Proulx Amy K, Reddy Manju B
Department of Food Science and Human Nutrition, Iowa State University, Ames, Iowa 50011, USA.
J Agric Food Chem. 2006 Feb 22;54(4):1518-22. doi: 10.1021/jf052268l.
Heme iron has been identified in many plant sources-most commonly in the root nodules of leguminous plants, such as soy. Our objective was to test the effectiveness of soy root nodule (SRN) and purified soy hemoglobin (LHb) in improving iron bioavailability using an in vitro Caco-2 cell model, with ferritin response as the bioavailability index. We assessed bioavailability of iron from LHb (either partially purified (LHbA) or purified (LHbD)) with and without food matrix and compared it with that from bovine hemoglobin (BHb), ferrous sulfate (FeSO4), or SRN. Bioavailability of each treatment was normalized to 100% of the FeSO4 treatment. When iron sources were tested alone (100 ug iron/mL), ferritin synthesis by LHbD and BHb were 19% (P > 0.05) and 113% (P < 0.001) higher than FeSO4, respectively. However, when iron sources were used for fortification of maize tortillas (50 ppm), LHbA and BHb showed similar bioavailability, being 27% (P < 0.05) and 33% (P < 0.05) higher than FeSO4. Heat treatment had no effect on heme iron but had a significant reduction on FeSO4 bioavailability. Adding heme (LHbA) iron with nonheme (FeSO4) had no enhancement on nonheme iron absorption. Our data suggest that heme iron from plant sources may be a novel value-added product that can provide highly bioavailable iron as a food fortificant.

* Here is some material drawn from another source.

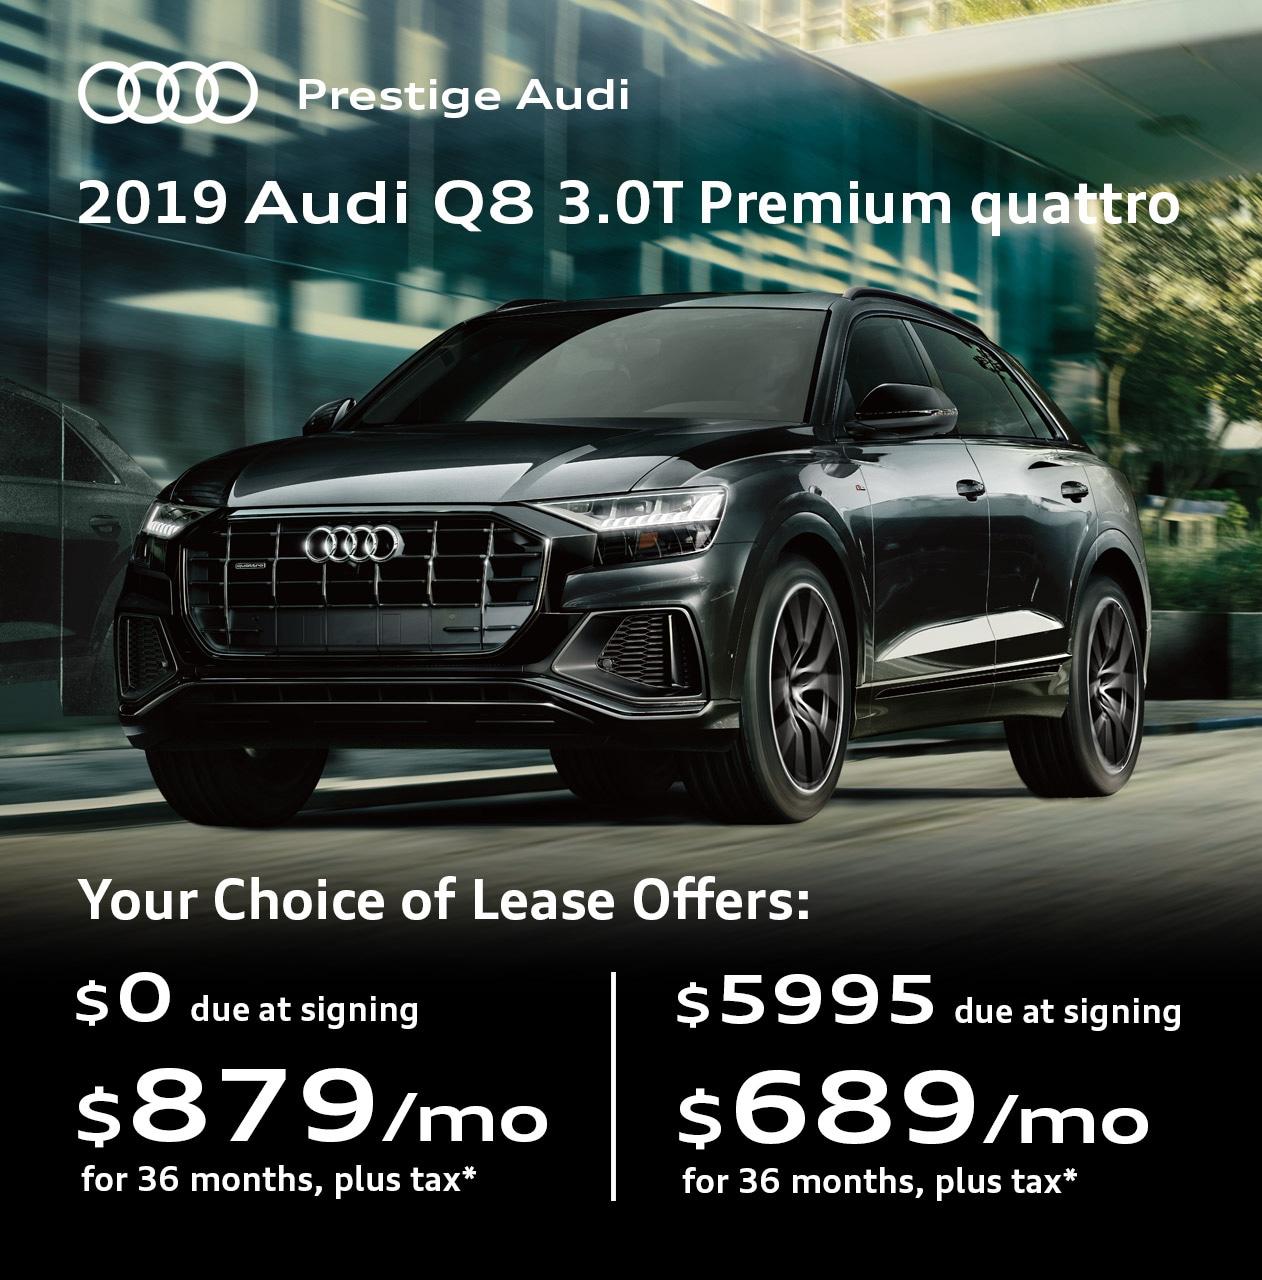 Audi Lease Offer: Lease Deals & Offers At Prestige Audi Near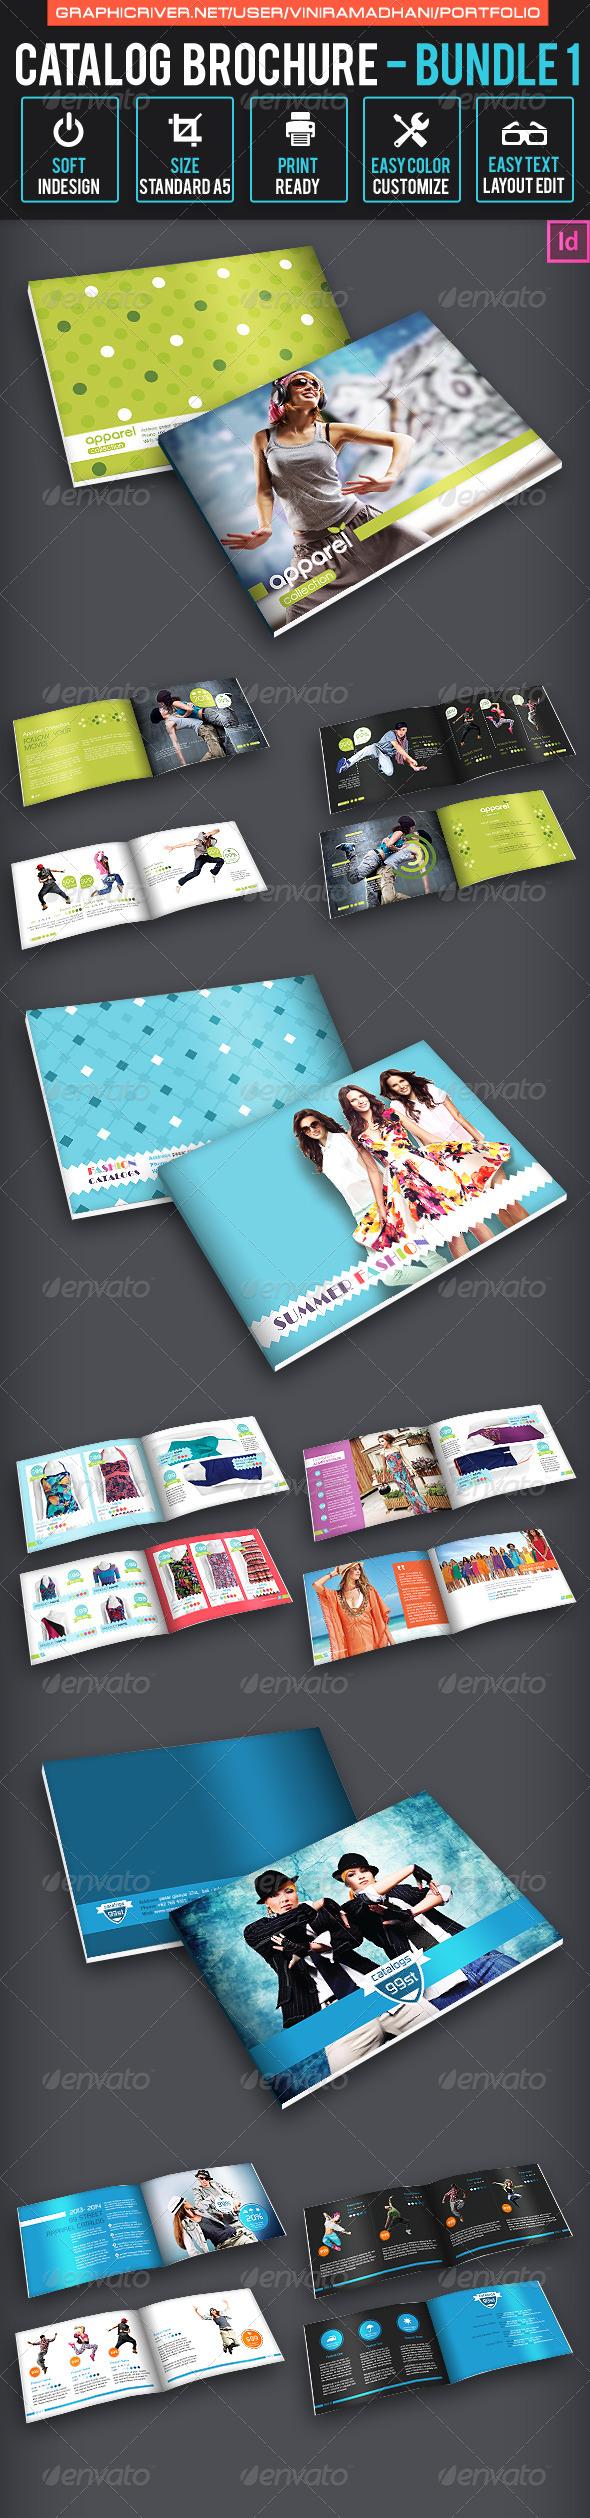 GraphicRiver Catalog Brochure Bundle 1 7029831

已在许多植物来源中发现血红素铁,最常见于豆科植物(如大豆)的根瘤中。我们的目标是使用体外Caco-2细胞模型,以铁蛋白反应作为生物利用度指标,测试大豆根瘤(SRN)和纯化的大豆血红蛋白(LHb)在提高铁生物利用度方面的有效性。我们评估了有或没有食物基质情况下,LHb(部分纯化的(LHbA)或纯化的(LHbD))中铁的生物利用度,并将其与牛血红蛋白(BHb)、硫酸亚铁(FeSO4)或SRN的生物利用度进行比较。每种处理的生物利用度均以FeSO4处理的100%进行标准化。当单独测试铁源(100μg铁/ mL)时,LHbD和BHb的铁蛋白合成分别比FeSO4高19%(P>0.05)和113%(P<0.001)。然而,当将铁源用于强化玉米饼(50 ppm)时,LHbA和BHb表现出相似的生物利用度,分别比FeSO4高27%(P<0.05)和33%(P<0.05)。热处理对血红素铁没有影响,但显著降低了FeSO4的生物利用度。添加血红素(LHbA)铁和非血红素(FeSO4)铁对非血红素铁的吸收没有增强作用。我们的数据表明,来自植物来源的血红素铁可能是一种新型增值产品,可作为食品强化剂提供高生物利用度的铁。